「どうしよう」
ネムは奇跡的に残っていたベンチに座りながらそう言った。
船を出るときに持っていたお菓子類を、全て食べきって寝てしまったムジカに膝枕をしながら、ネムは……ひたすらムジカの頬をムニムニ揉んでいた。
「本当にどうしよう」
無駄に過ぎてゆく時間を理解したネムは、改めて考えた。
見捨ててしまった妹がこの島に居る。最早、姉を名乗る資格がないネムが会いに行って良いものか?
そもそも、どんな顔して元
もし……もし、ネムがウタに会ったらどんな表情になるだろう。
罵ってくれるか? いや、あの子は出来ないだろう。
怯えてくれるか? いや、勇気あるあの子はそんな事はしないだろう。
ネムを殴ってくれる? いや、あの子は躊躇うだろう。
「駄目だ。気分転換だ」
眠ってしまって抵抗できないムジカをネムワールドに入れて、ネムは歩いた。
目的の場所があるわけではないが無意識に砂浜をネムは歩いていた。
「ああ、そうだ。こんな夜空だった」
かつて、ウタと一緒に走ったあの砂浜。駆けっこはネムの圧勝だったが、歌勝負はウタの圧勝だった。
あのいつも通りの勝敗。勝って負けて……そして、笑って。そんな、下らないやり取りがいつまでも続くと思っていた。
ああ、そうだ。いつもこんな風に「ビンクスの酒」を歌って……歌って……ッ!
ネムは気を抜いていた。砂浜に響く
「ネム……姉ちゃん?」
……まだ、姉と呼んでくれるか。私の最愛の妹よ。
「久しぶり。ウタ」
数年ぶりの姉妹の再開はこんな風に始まった。
お互いに言葉は無かった。数分……数時間? 時間は正確には分からないが体感的には、数年にも等しき感覚に陥った。
そして、最初に動いたのはウタだった。
ウタの最初の行動は……膝から崩れ落ちた。
「何で……何で何で何で何で……何でぇ!!」
泣きじゃくるように、狂ったように、子供のように。ウタはこういった。
「どうして。シャンクスは私を捨てたの!」
その言葉にネムが抱いたのは……怒りだった
「……捨てられる訳が無いでしょうがァァ!!!」
あの日のことを何度、後悔しただろう? その度に漏れ出る黒い感情を何度押し殺しだろう。
「……初めての姉妹喧嘩だ。思いっきりやろう」
その先はあまり覚えていない。お互いノーガードで一撃ずつ殴り合った事は覚えている。
当たり前だが、最終的に立っていたのはネムだった。
「……体力付いたね」
「……当たり前」
「……ちゃんと腰が入った拳だね」
「……あ゛た゛りまえ゛」
「……大ぎぐなった゛ね」
そして、お互いわんわん泣いた。そしてネムは泣き疲れて眠ってしまったウタにネムは膝枕をした。

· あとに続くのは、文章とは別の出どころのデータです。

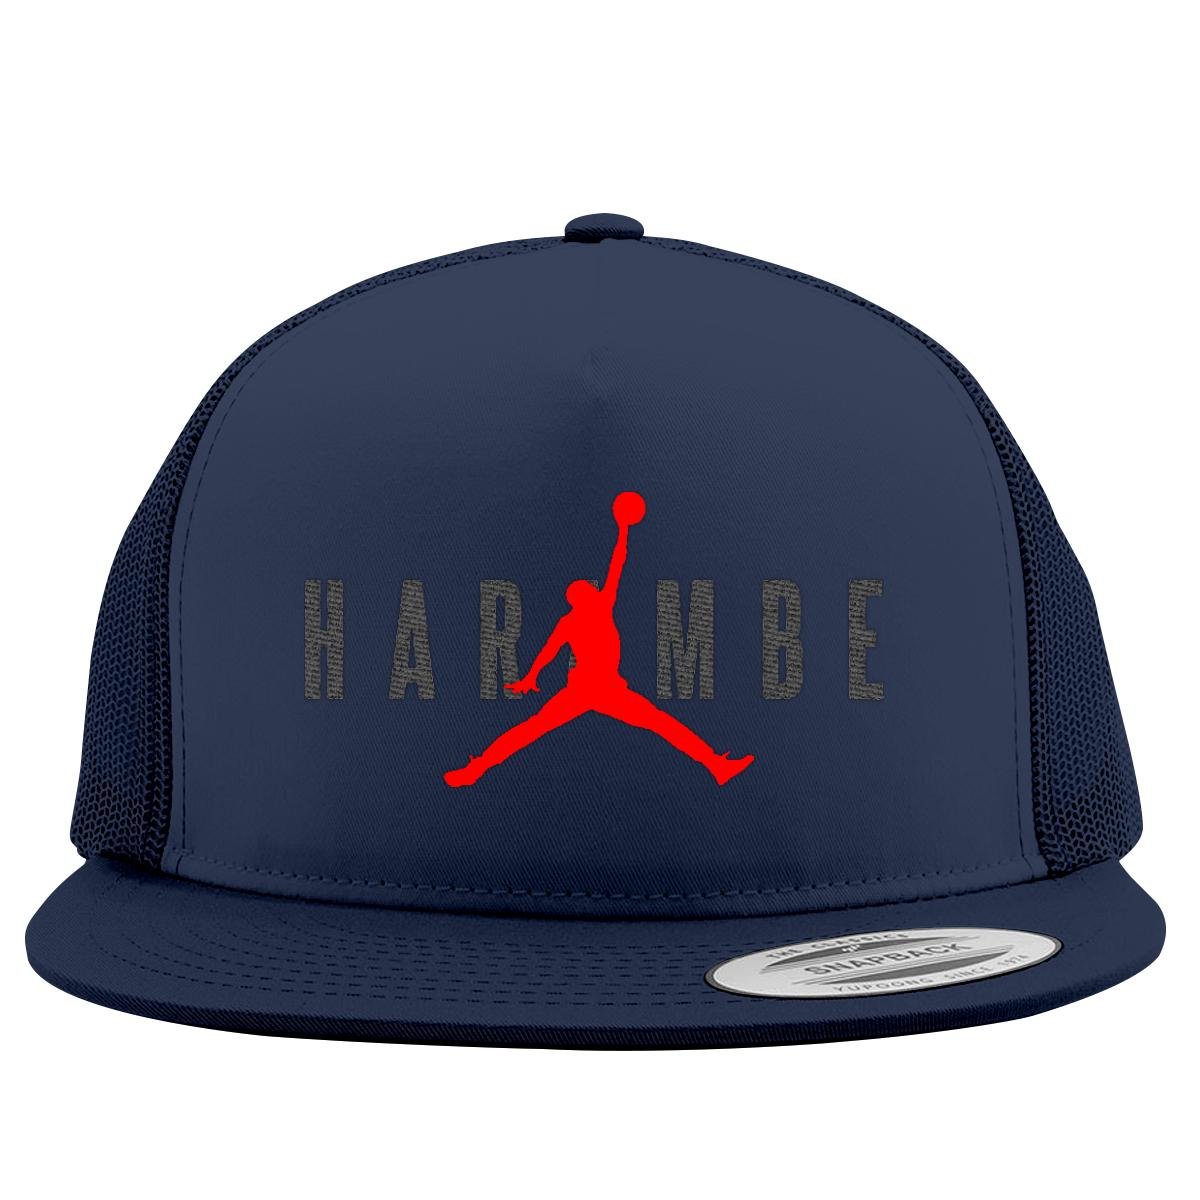 47413247e5a usa haramble x jordan trucker hat embroidered customon 24438 0ef04
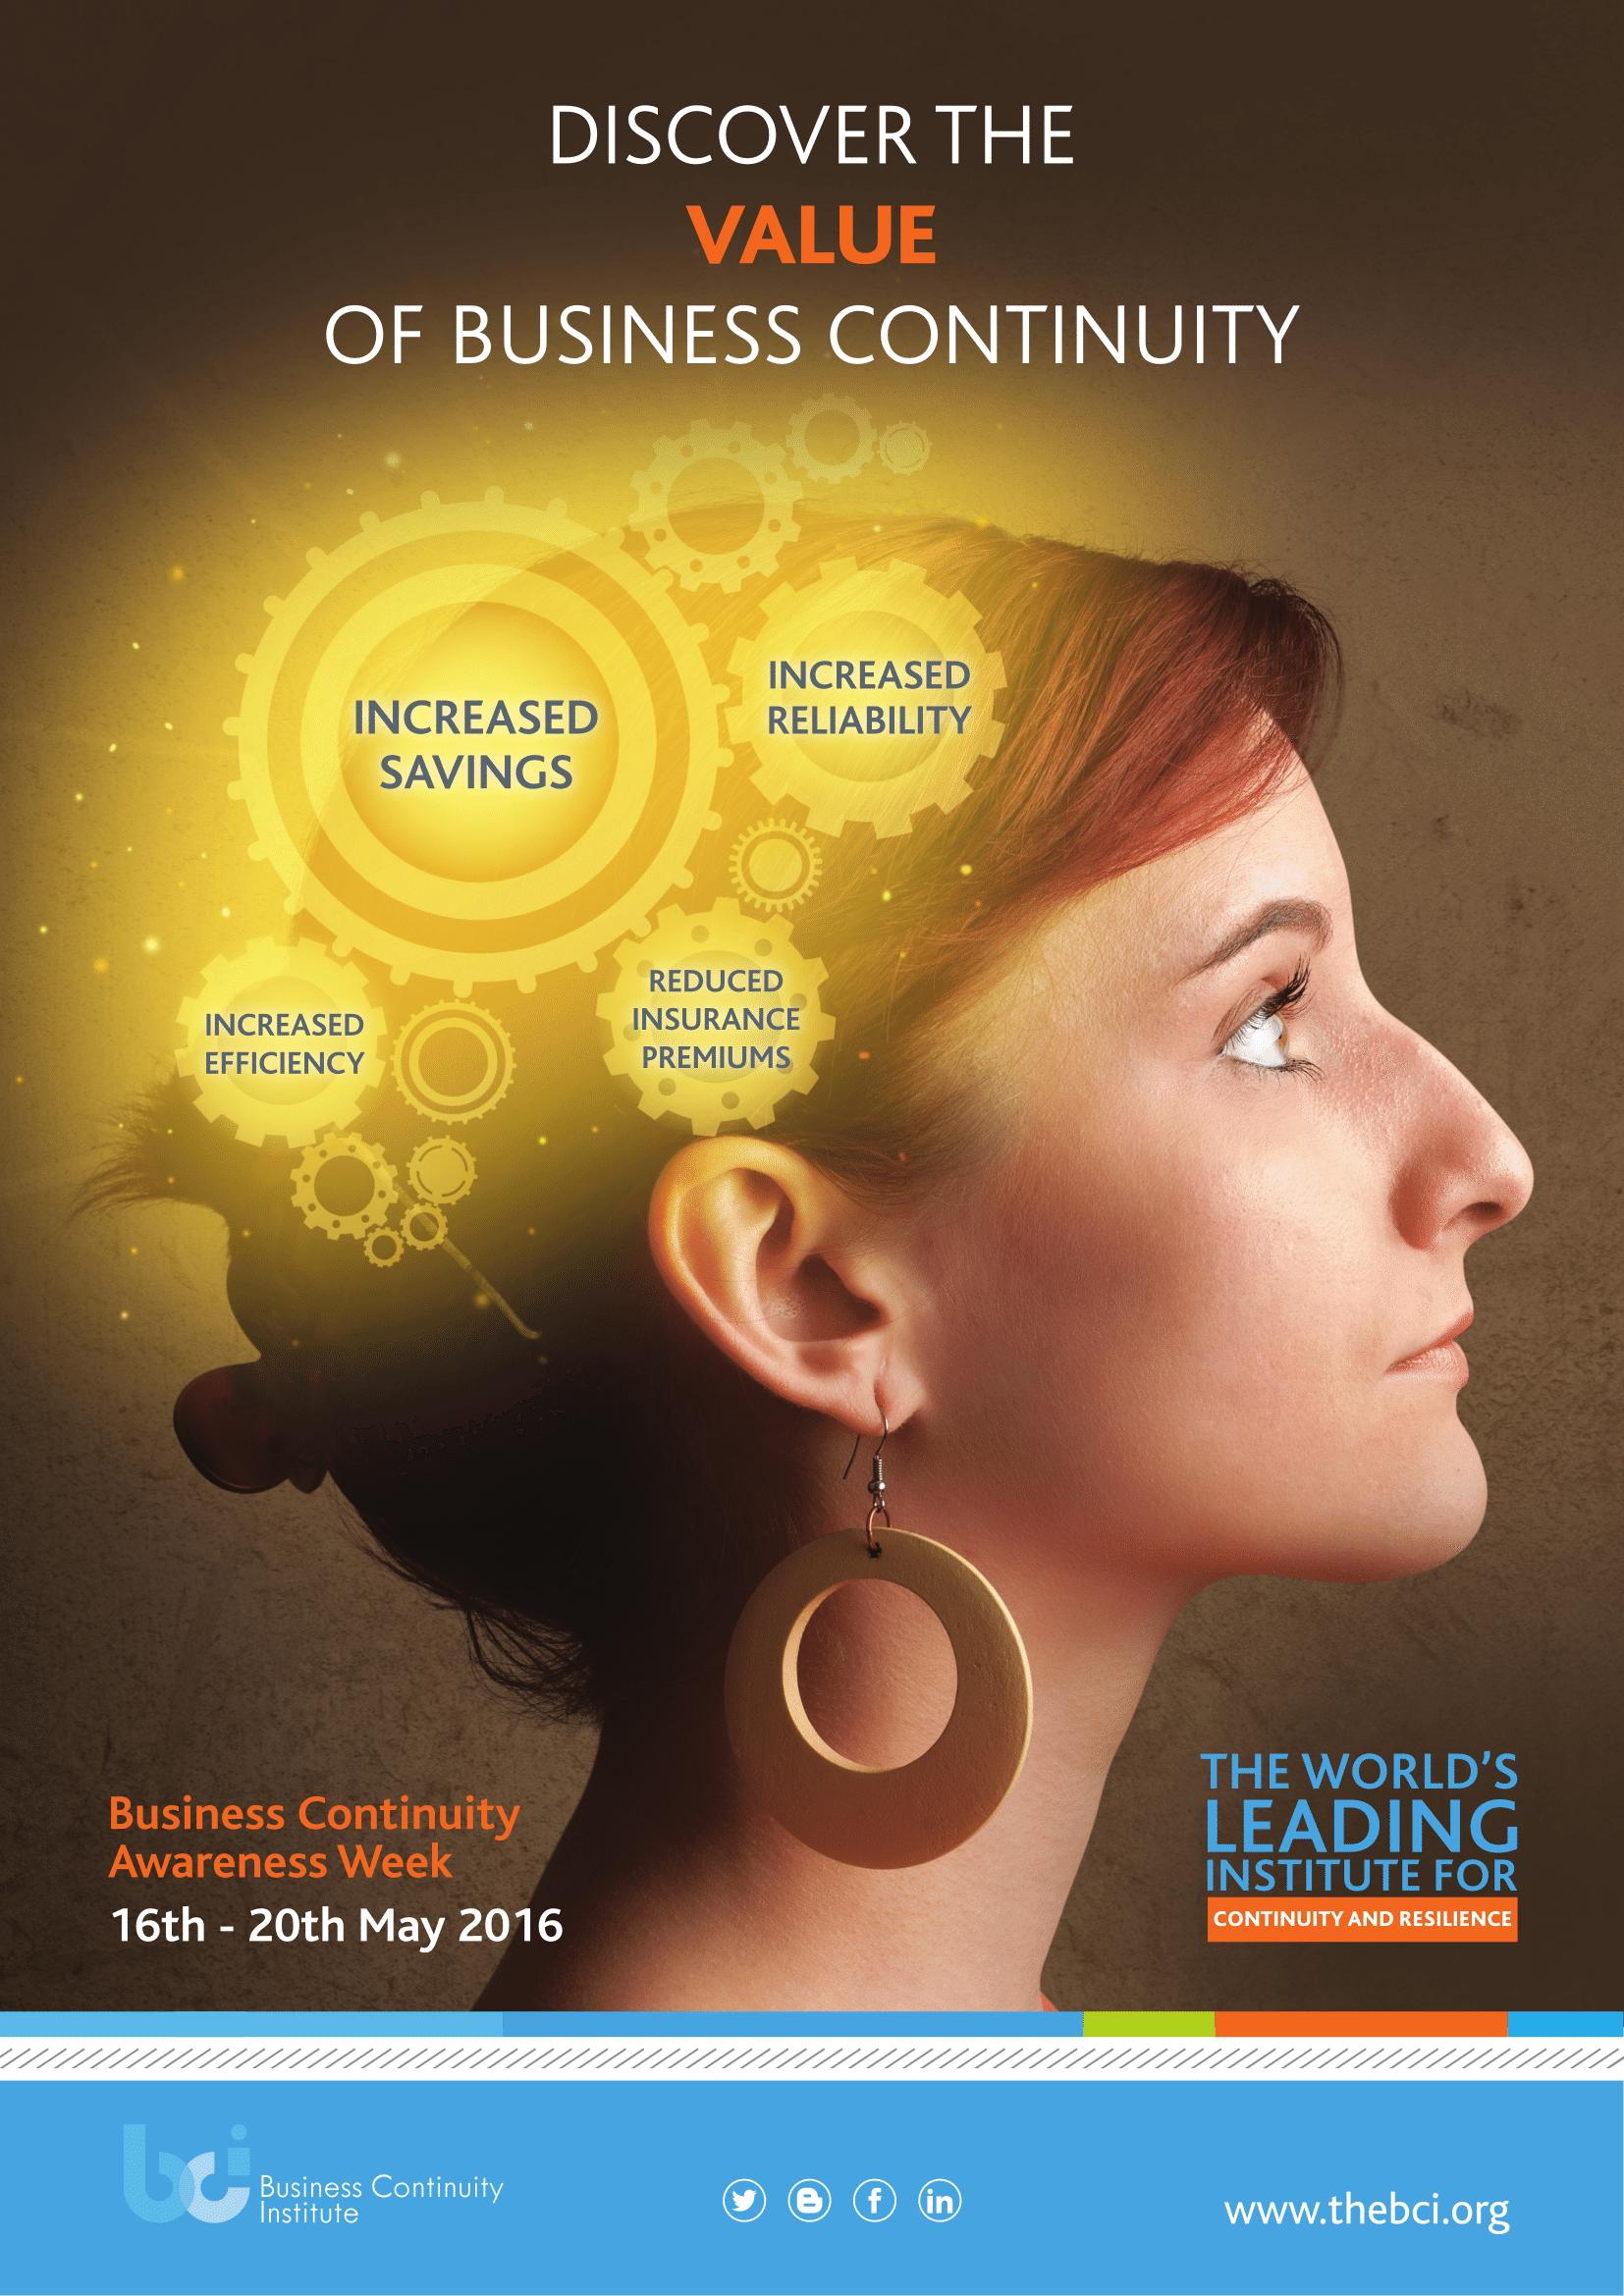 Business Continuity Awareness Week 2

明日、足動かなくなってそうだなぁと呑気なことを考えながら、ウタの良い夢を願って。
今日は星が綺麗だからお願いしよう。どうか、新時代が希望溢れるものでありますように。
そういや、主人公のプロフィール書いてねぇ。
名前:ネム
悪魔の実:超人系 ネムネムの実
容姿:ネムと同じ紫の目をしており黒髪ストレート。服はスーツや執事服等の男装が好み。再開した妹に胸で負けているのを悔しがっている。
詳細:今作のオリ主。一通り『覇気』を会得しているが武装色は弱く、見聞色の覇気はヤソップに認められるほどの才がある。
本人的には悪魔の実の力は限定的過ぎると嘆いているが、才能もあってそこらの山賊程度ならば、視認だけで殺せる。